You will be analyzing a set of images which were taken at the RIT Observatory back in 2014. In order to carry out the procedures in this exercise, you'll need to copy the images to a local folder on your computer. So, please begin by creating a folder with the following name:
Midway through the analysis, you'll need to have a sub-folder to hold the cleaned version of these images. Please create a folder INSIDE the asas_2014 folder, with the name
You can now download the images you'll be examining in today's lab. The quickest way to do that is to download this file, which is a ZIP archive.
Place the zip file into the asas_2014 folder and extract all the files from it. You should see a total of 40 FITS images:
asas14clclear-050.fit dark1-001.fit dark30-001.fit flatclear-001.fit asas14clclear-051.fit dark1-002.fit dark30-002.fit flatclear-002.fit asas14clclear-052.fit dark1-003.fit dark30-003.fit flatclear-003.fit asas14clclear-053.fit dark1-004.fit dark30-004.fit flatclear-004.fit asas14clclear-054.fit dark1-005.fit dark30-005.fit flatclear-005.fit asas14clclear-055.fit dark1-006.fit dark30-006.fit flatclear-006.fit asas14clclear-056.fit dark1-007.fit dark30-007.fit flatclear-007.fit asas14clclear-057.fit dark1-008.fit dark30-008.fit flatclear-008.fit asas14clclear-058.fit dark1-009.fit dark30-009.fit flatclear-009.fit asas14clclear-059.fit dark1-010.fit dark30-010.fit flatclear-010.fit
As a check that the files have been transferred properly, run AstroImageJ and open the file called asas14clclear-050.fit. It should look something like this:
Use AIJ to answer the following questions.
There are ten images with exposure times of 1 second, each taken with the lens cap covering the front of the telescope. These are "dark" frames. In theory, they should be empty, with all pixels values zero, since no light reached the camera. However, if you examine them, you'll see that their pixels are most definitely not zero. Let's examine them quantitatively.
Display the first in the set, dark1-001.fit. First, use the Edit -> Measurement settings command to pop up a window labelled Set Measurements.
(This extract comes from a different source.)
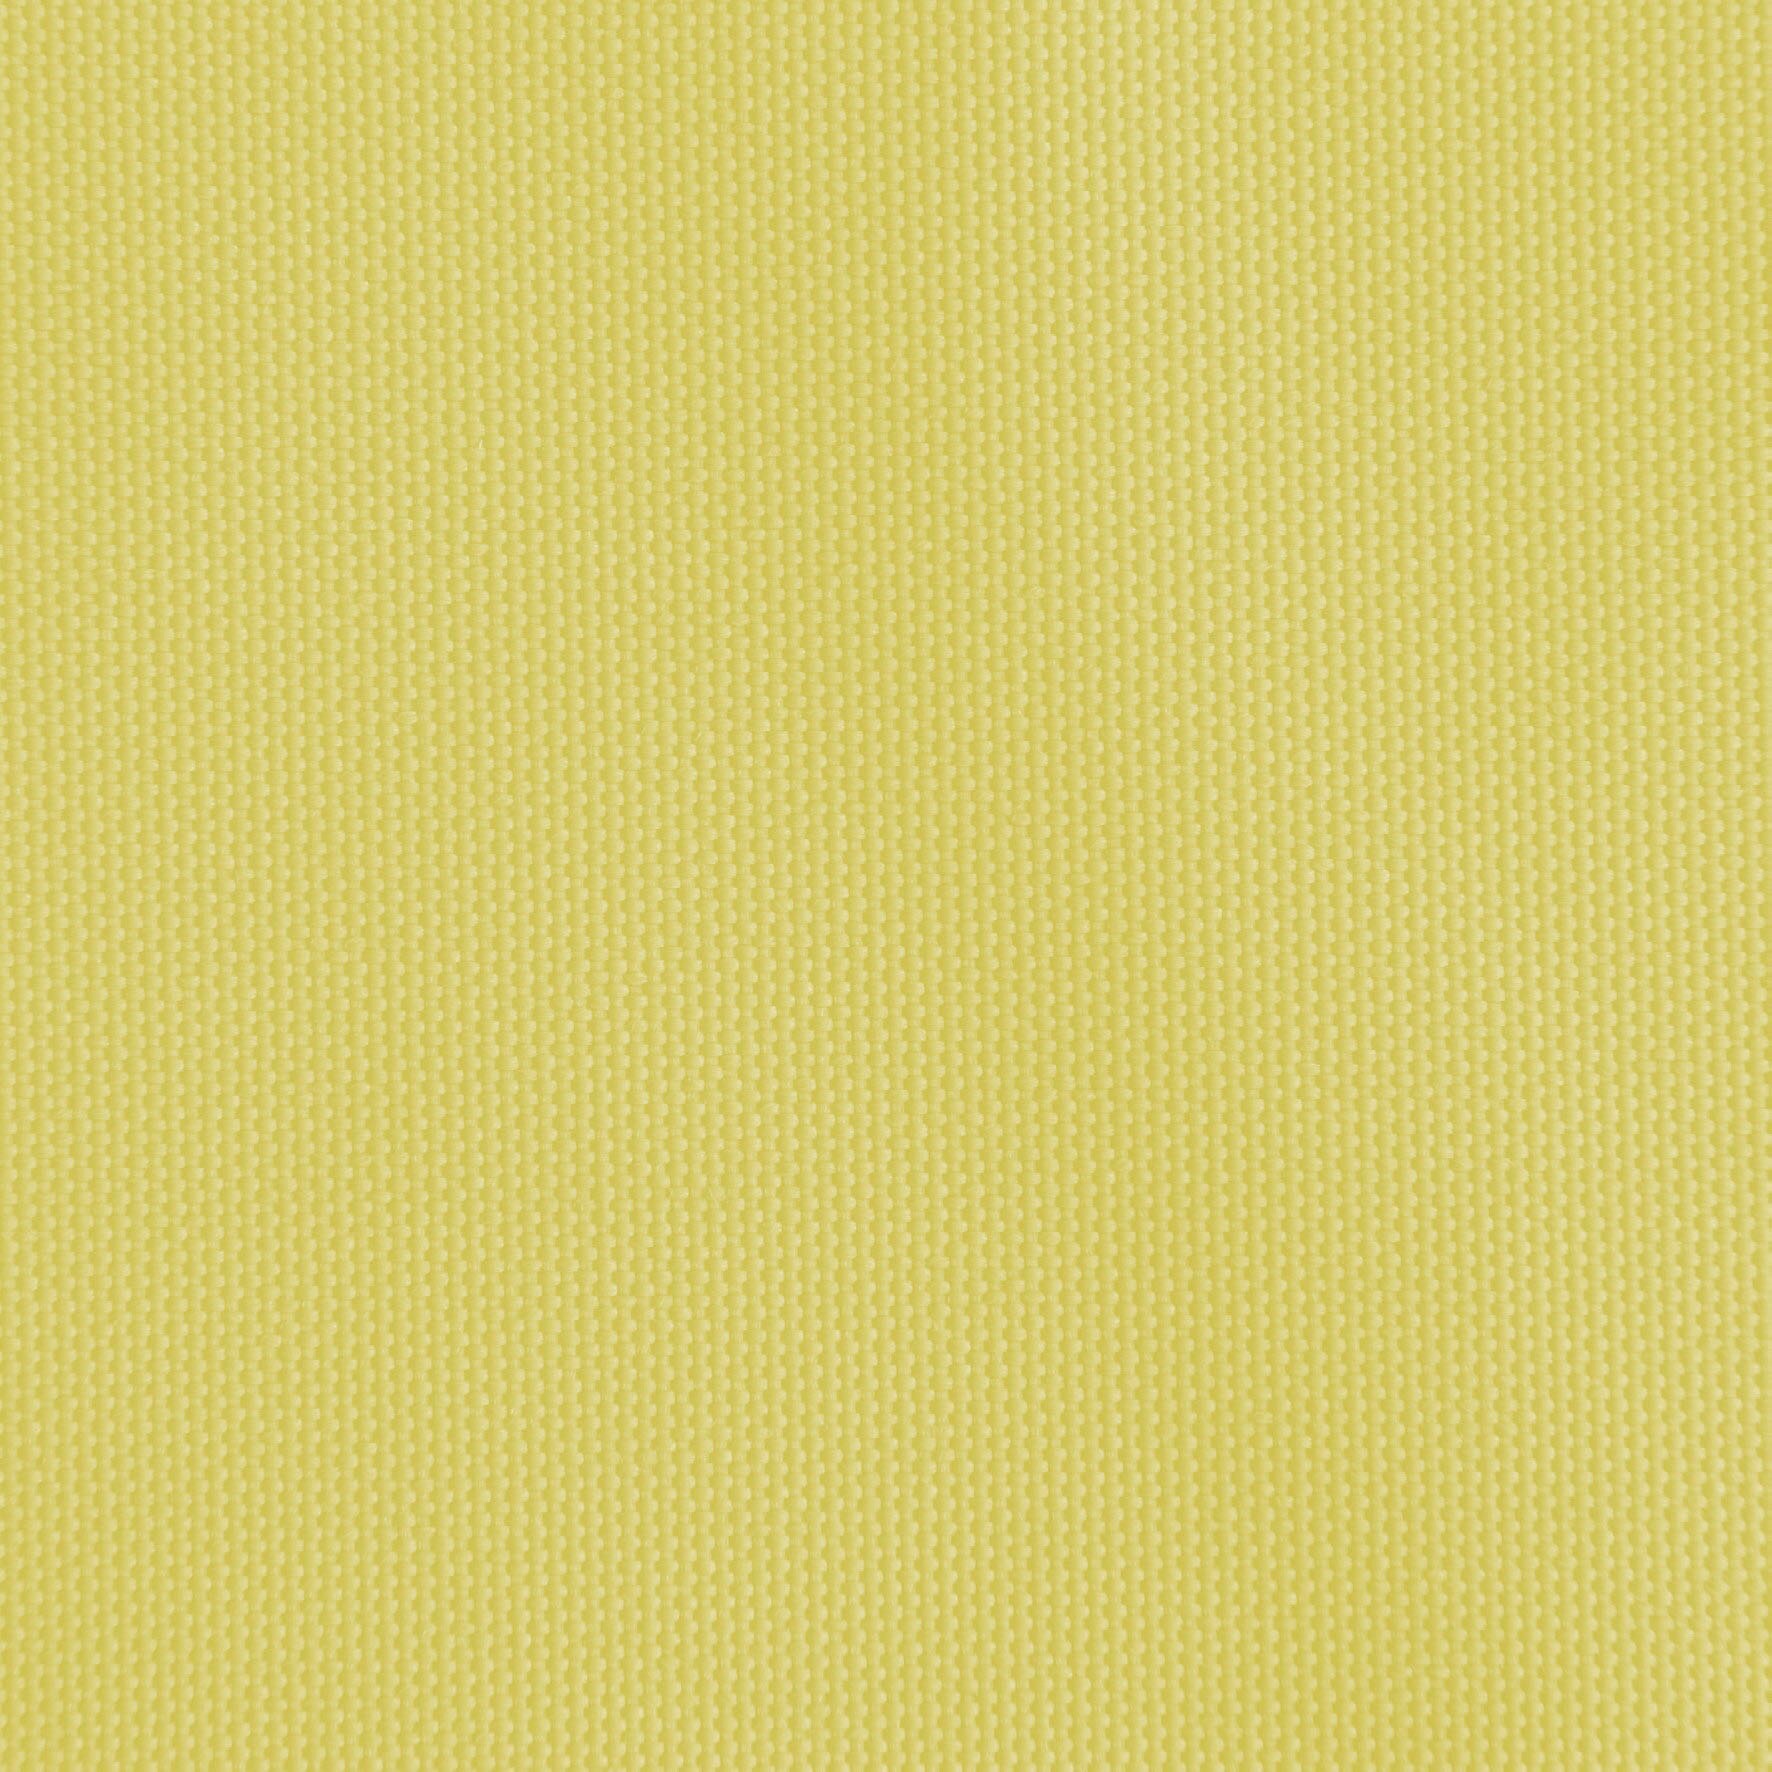 Windhager Sonnensegel »Cannes Quadrat«, 5x5m, gelb

In this window, check the box for "Standard deviation."
Next, use the Analyze -> Measure * command to compute the mean and standard deviation of all the pixels in the image.
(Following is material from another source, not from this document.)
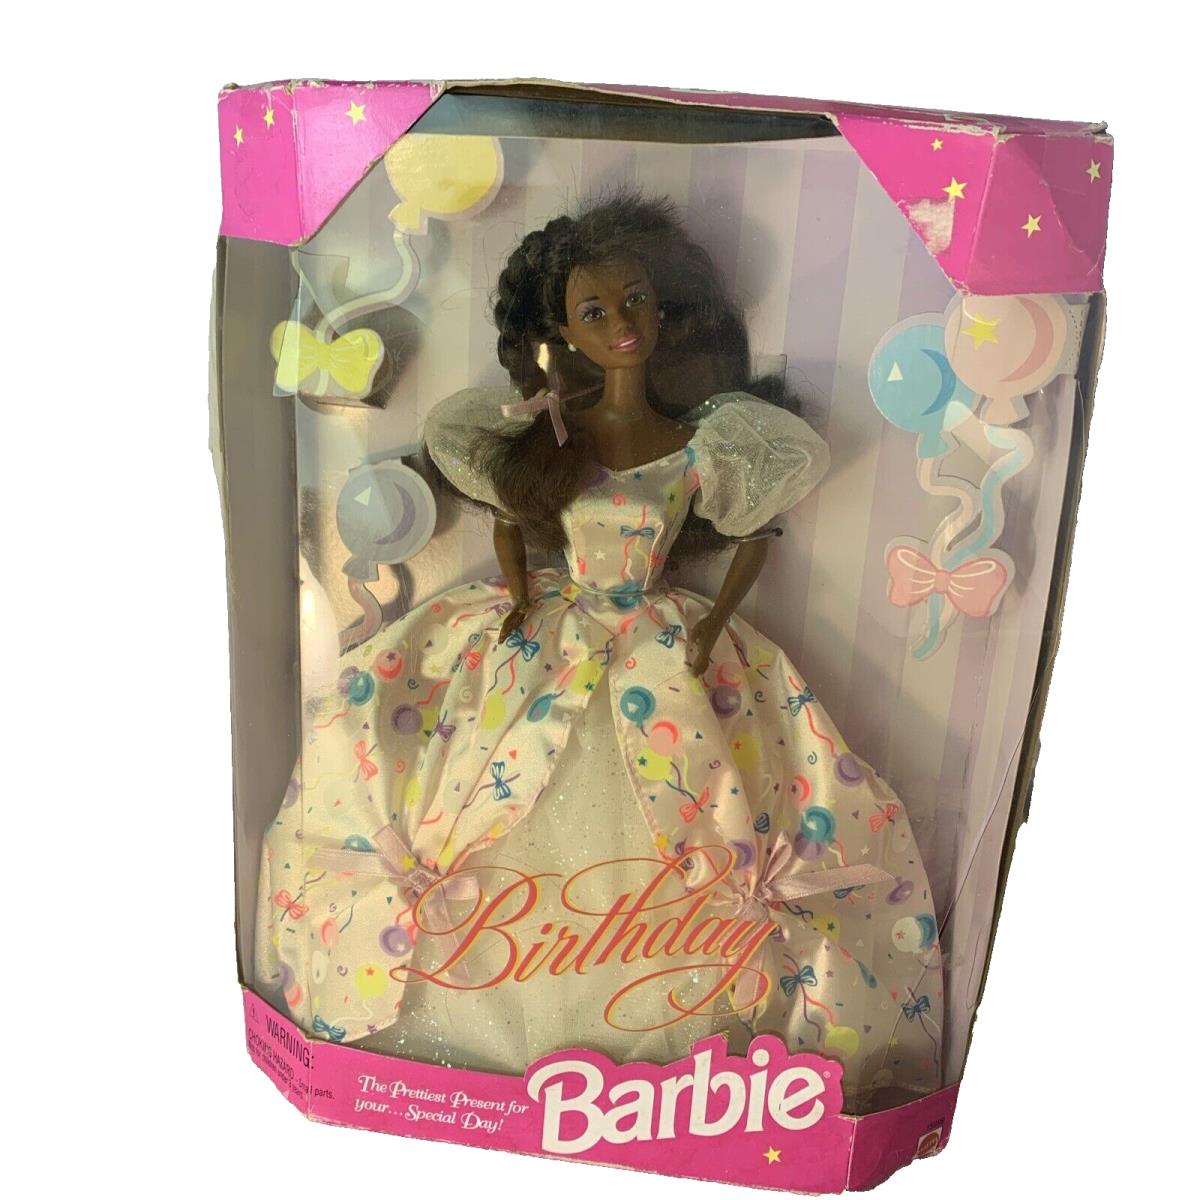 1996 Mattel Birthday Barbie Doll 15998 - In The Box Vintage

We can also draw a little box by choosing the AstroImageJ main window (the thin little window not attached to any image) and clicking on the left-most box, which shows a rectangle. After pressing that box, move your cursor to the image and left-click-and-drag to create a region which roughly the size shown below.
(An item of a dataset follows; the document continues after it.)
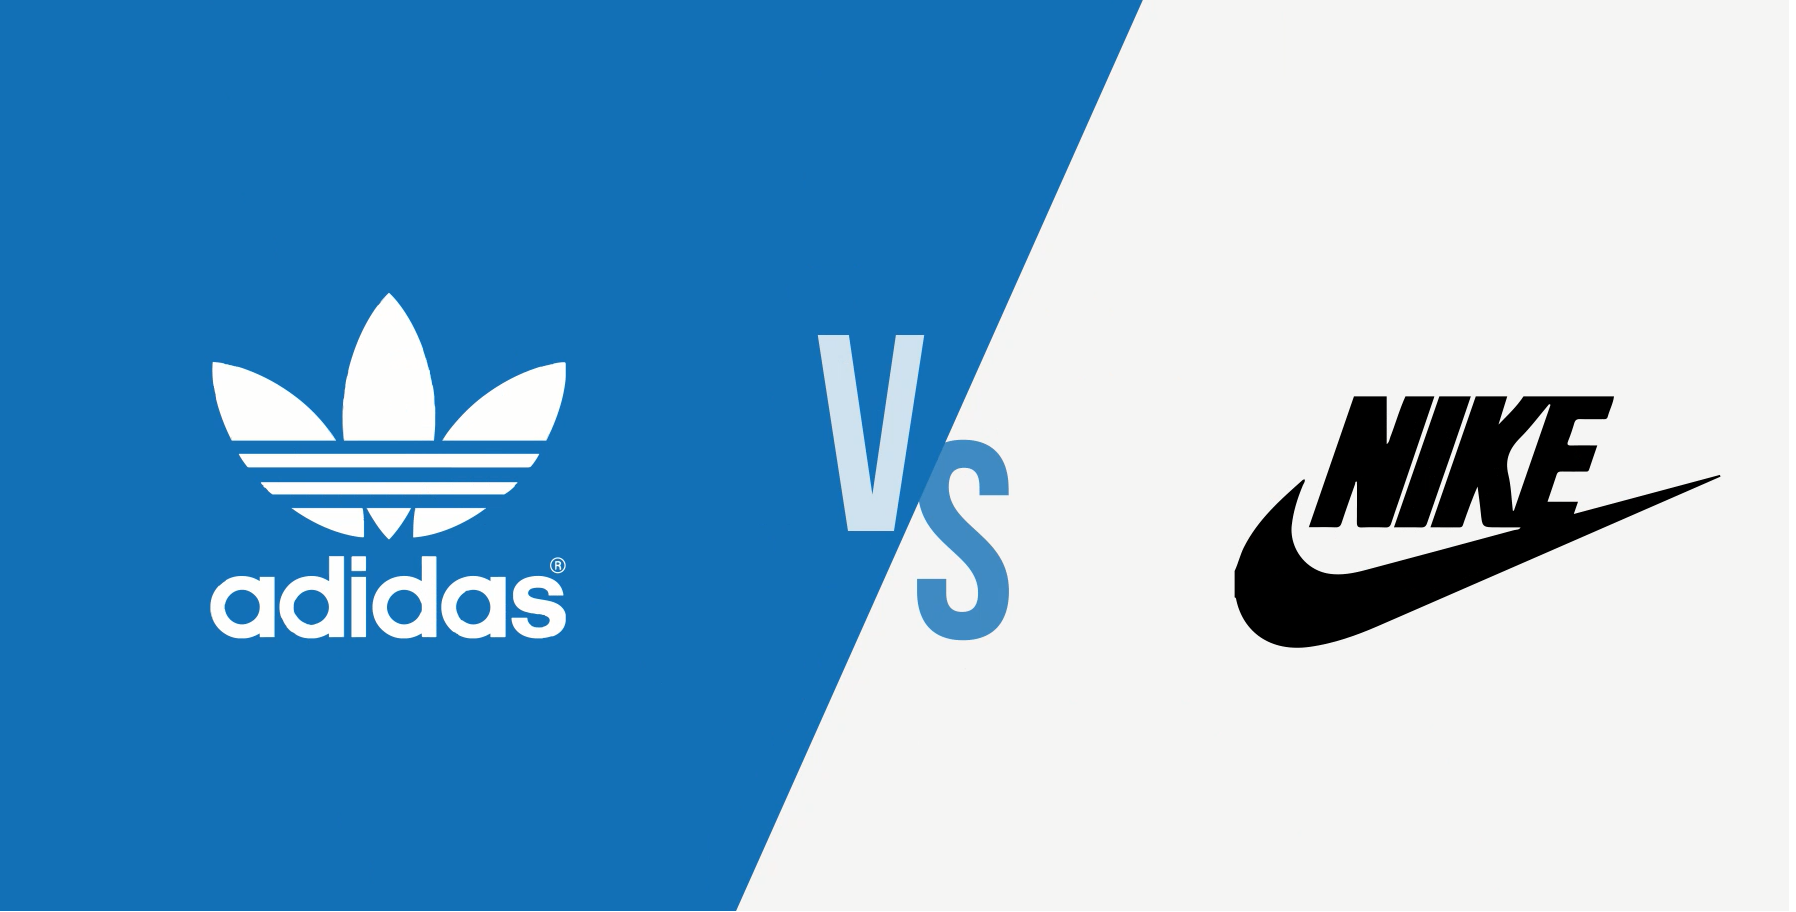 Версии адидас. Nike vs adidas. Найк вс адидас. Логотип найк и адидас. Бренды найк адидас.

Now use the Analyze -> Measure * command again to compute the mean and standard deviation of the pixels in this region.
The plan is to subtract the "dark current" shown in these 1-second dark images from a set of 1-second flatfield frames; but, as you can see, these individual dark images are pretty noisy. We could create a less noisy version of the 1-second dark current by combining a set of individual 1-second exposures. Here's how to do that.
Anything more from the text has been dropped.